Por lo general, la asociación honra a una pareja de docenas de funcionarios públicos y nombra a un empleado federal del año. Cada ganador recibe un trofeo y da un discurso. Este año, la organización consideró brevemente omitir las sammies por completo, para no hacer de nadie un objetivo. Max Stier, el presidente de la asociación, comenzó sus comentarios en una nota sombría. “Hoy, estoy preocupado”, dijo, “sobre el futuro de los Sammies y los héroes del público que lo hacen posible”. Se hicieron ajustes al programa habitual.
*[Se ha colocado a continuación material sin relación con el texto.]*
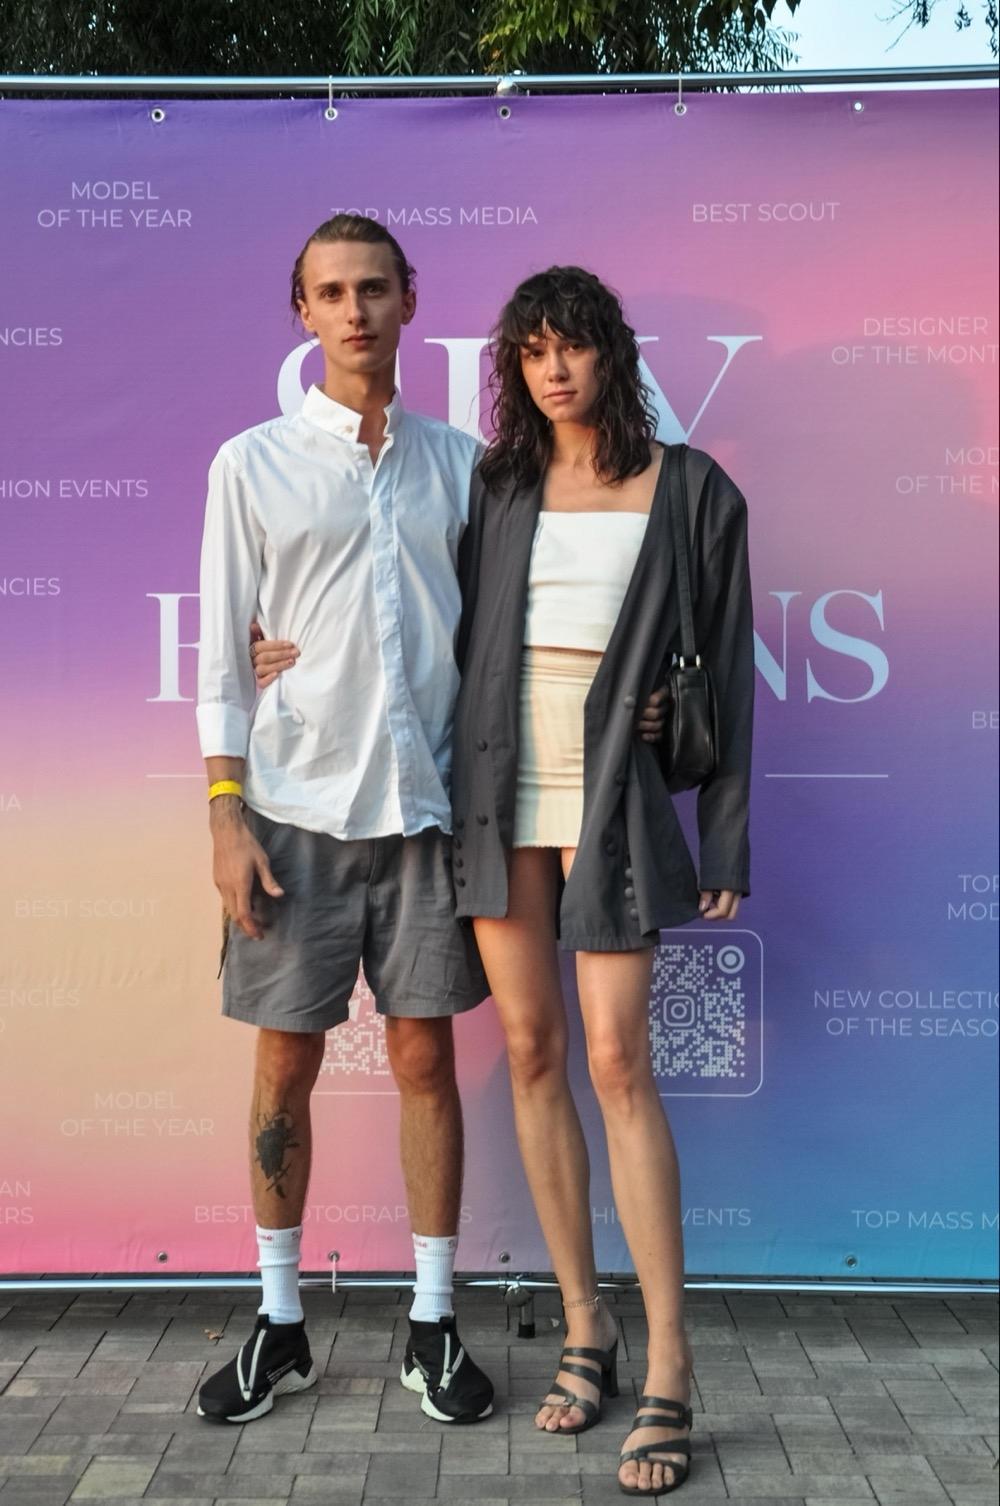 Любовь, технологии и новые лица украинской fashion-индустрии на SPYFASHIONS DAY (ФОТО) - фото №11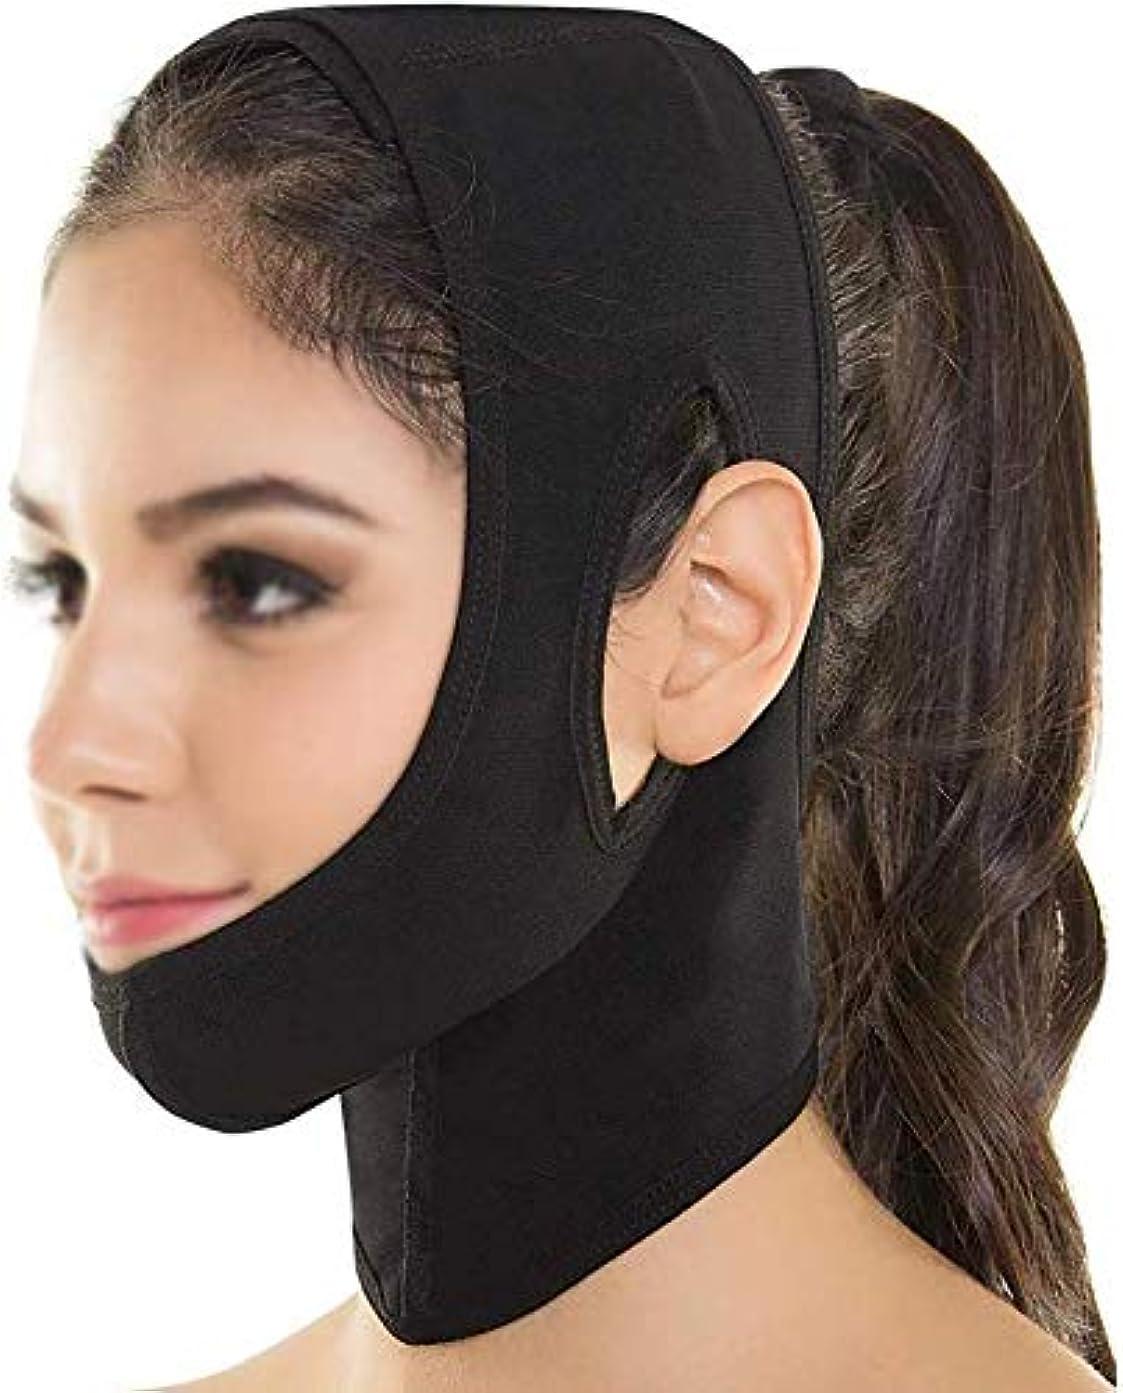 背骨落とし穴失望美容と実用的なフェイスリフトマスク、シリコンVフェイスマスクリフティングフェイスマスクフェイスリフティングアーティファクトリフティングダブルチン術後包帯フェイスアンドネックリフト(色:黒)

Solo uno de los veintitrés premiados apareció en el escenario: David Lebryk, quien ganó a los empleados del año en parte por haber renunciado como Secretario Fiscal Subsecretario del Tesoro en lugar de dar acceso a Duxt a los sistemas de pago. Los homenajeados fueron presentados por dignatarios de Washington como Judy Woodruff, de PBS, y la ex secretaria del Tesoro Janet Yellen. El teleprompter fue colocado a una altura incómoda para Yellen, que mide cinco pies de altura; La tensión de su cuello extendido parecía encajar en la ocasión. (En 2018, Trump le había dicho a sus ayudantes que era demasiado corta para dirigir la Reserva Federal).